**Task to carry out**. Below, locate the line that contains "ChitChaRt : Episode 25". Repeat exactly from that line to the line that contains "SWITZERLAND - P.48f(2)", inclusive, leaving out the pictures.

**Records provided**.

====================

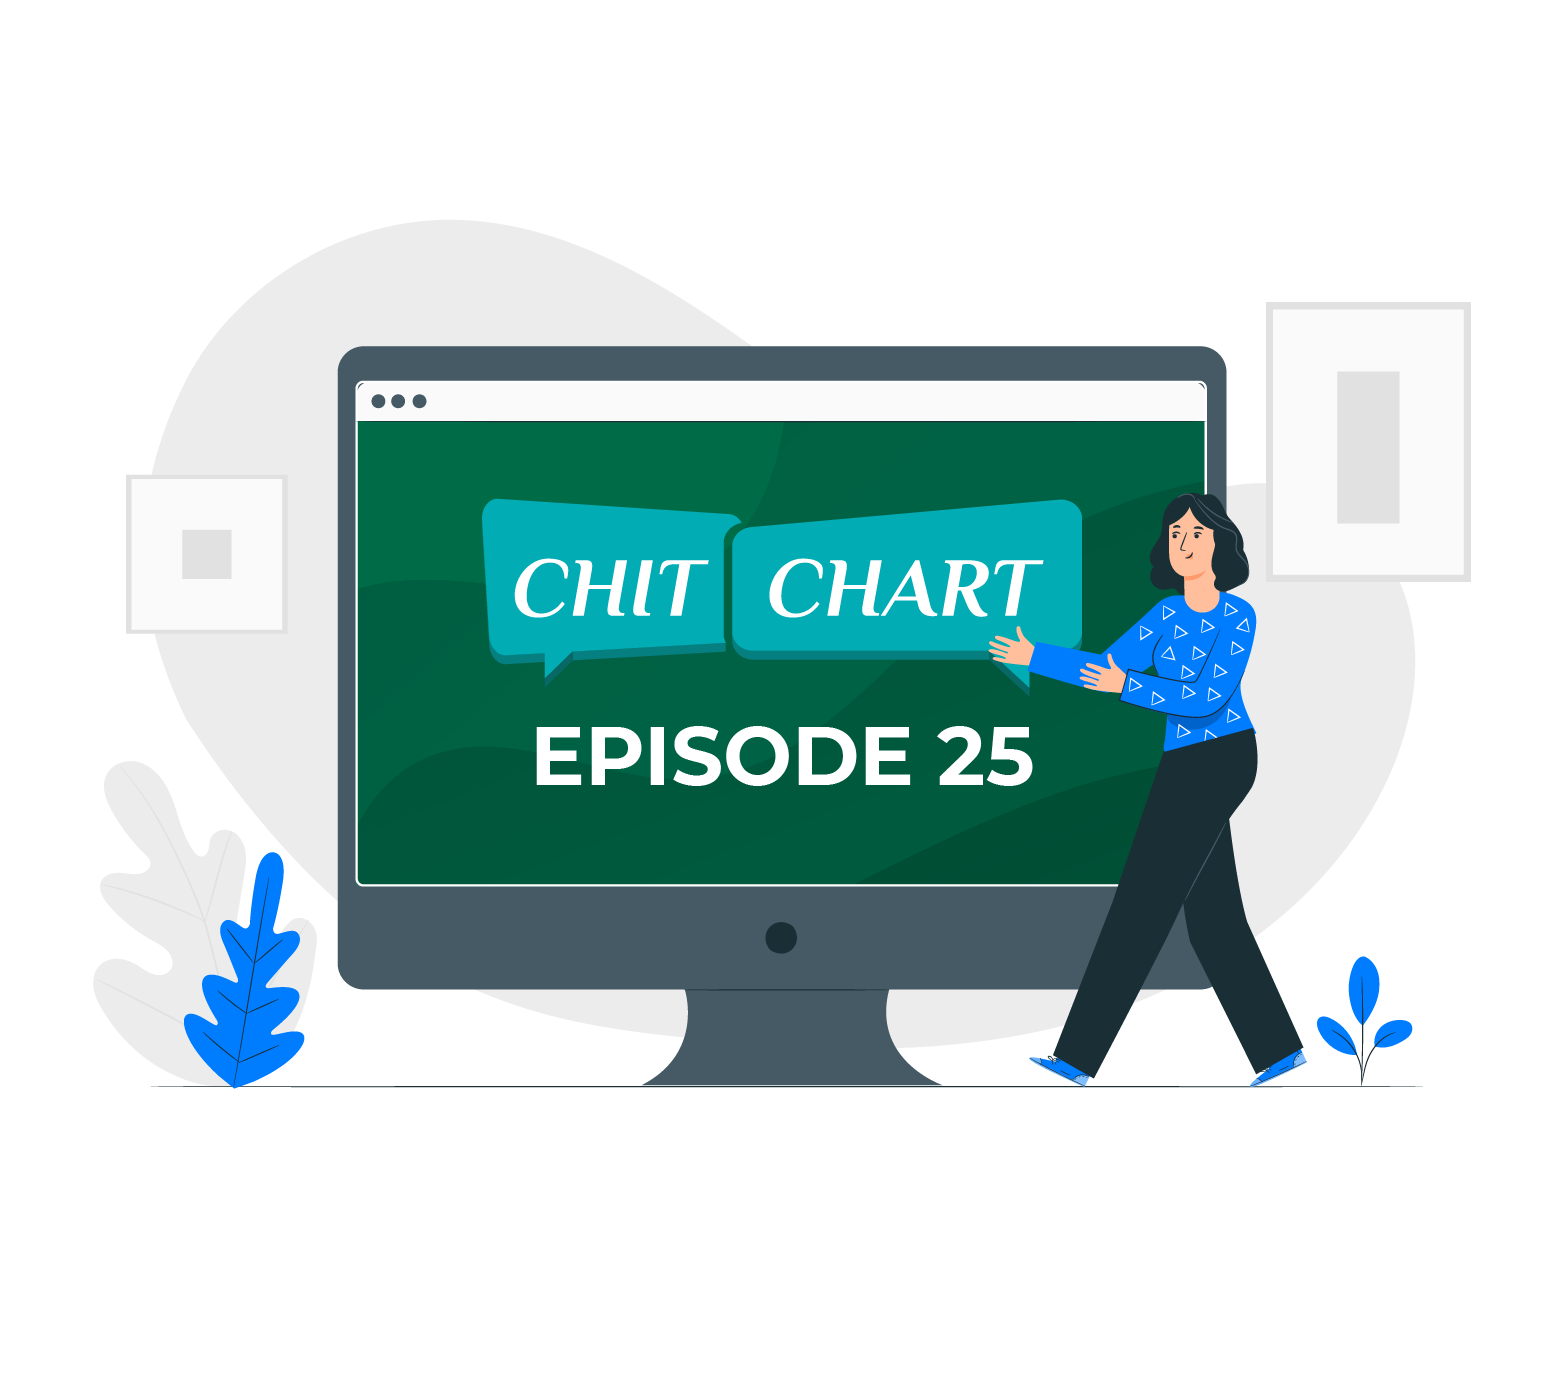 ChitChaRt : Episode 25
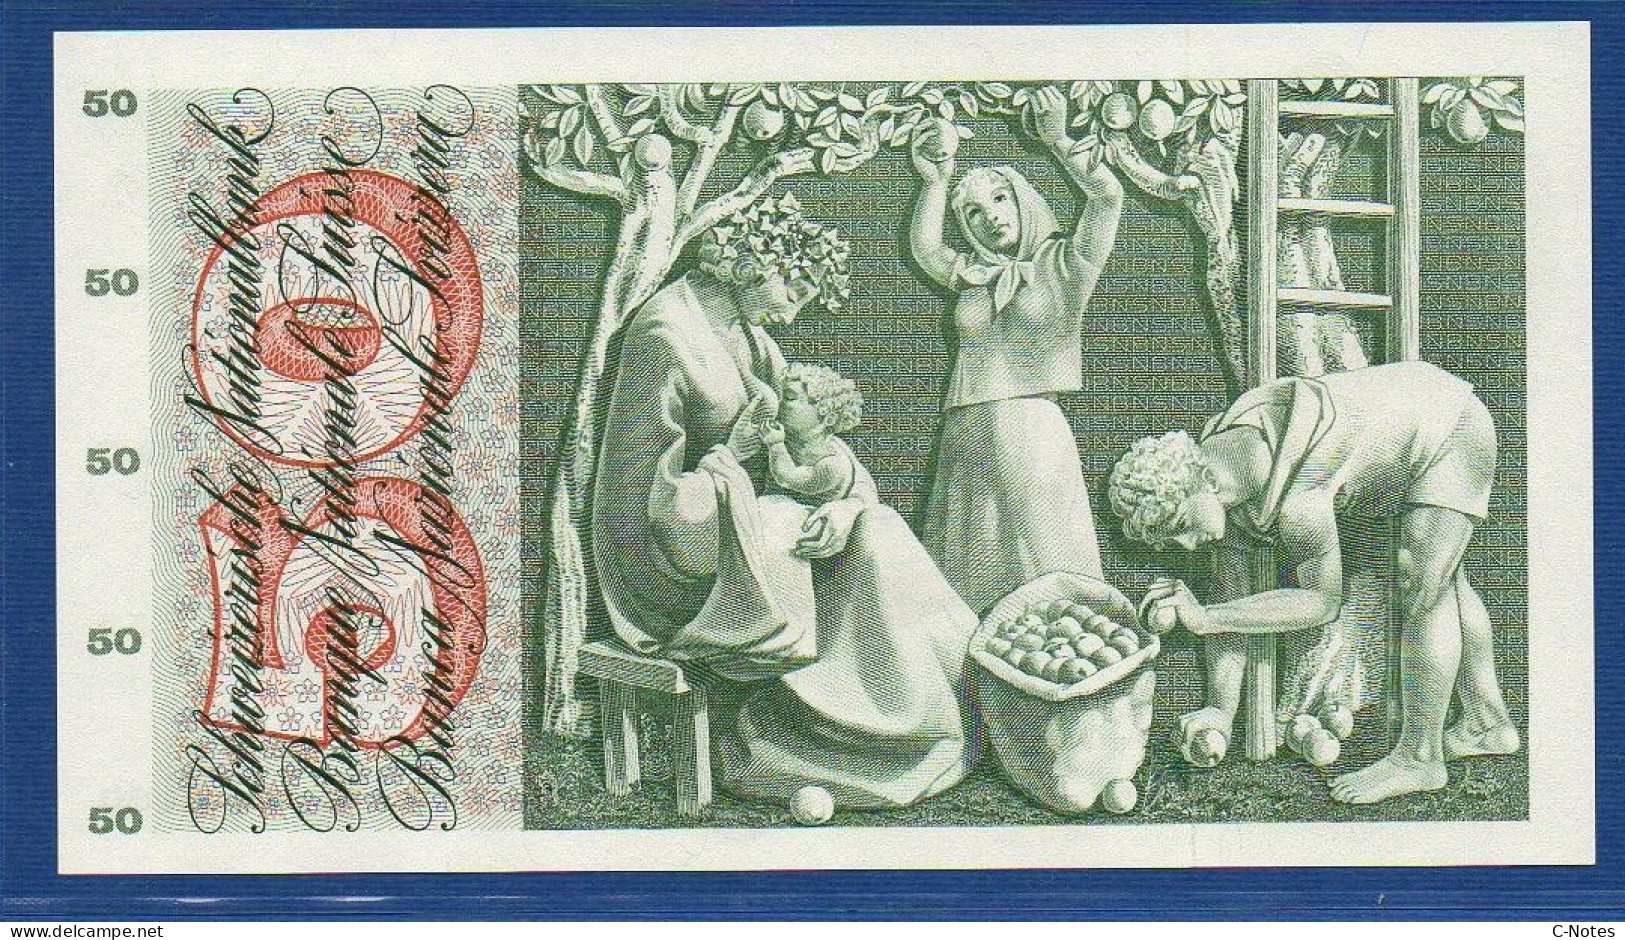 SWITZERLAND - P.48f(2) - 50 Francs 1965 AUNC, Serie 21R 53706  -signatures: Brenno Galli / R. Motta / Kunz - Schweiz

====================

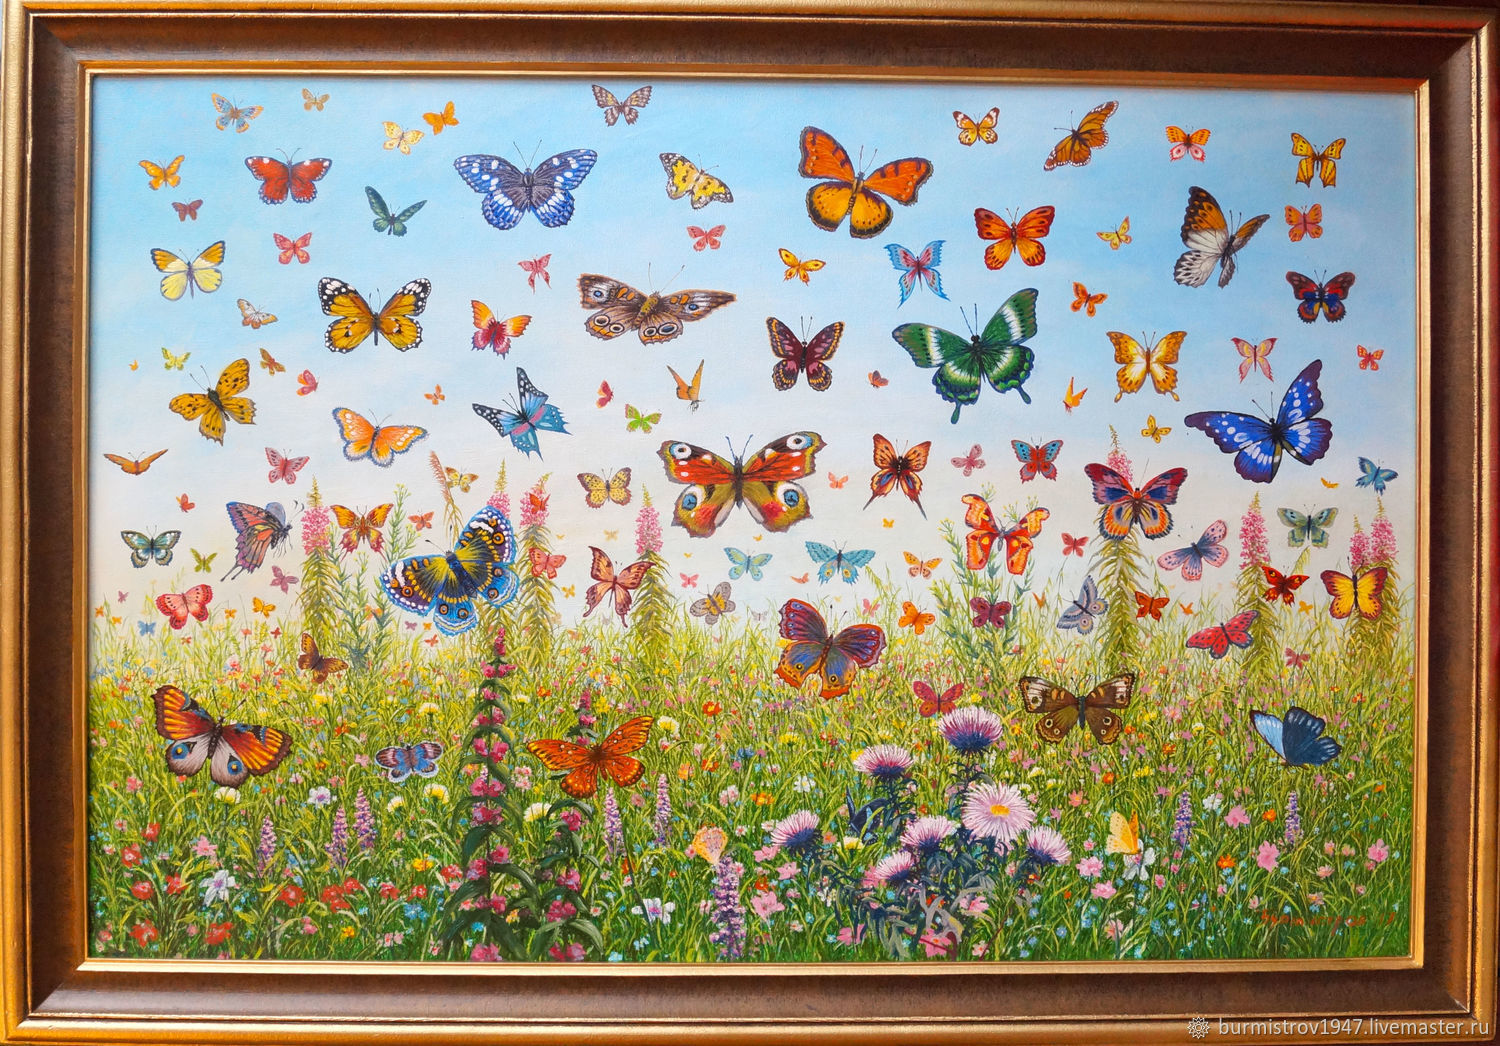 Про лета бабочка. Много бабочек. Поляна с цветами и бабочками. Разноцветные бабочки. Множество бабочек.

====================

**Task output**.
 ChitChaRt : Episode 25
 SWITZERLAND - P.48f(2) - 50 Francs 1965 AUNC, Serie 21R 53706  -signatures: Brenno Galli / R. Motta / Kunz - Schweiz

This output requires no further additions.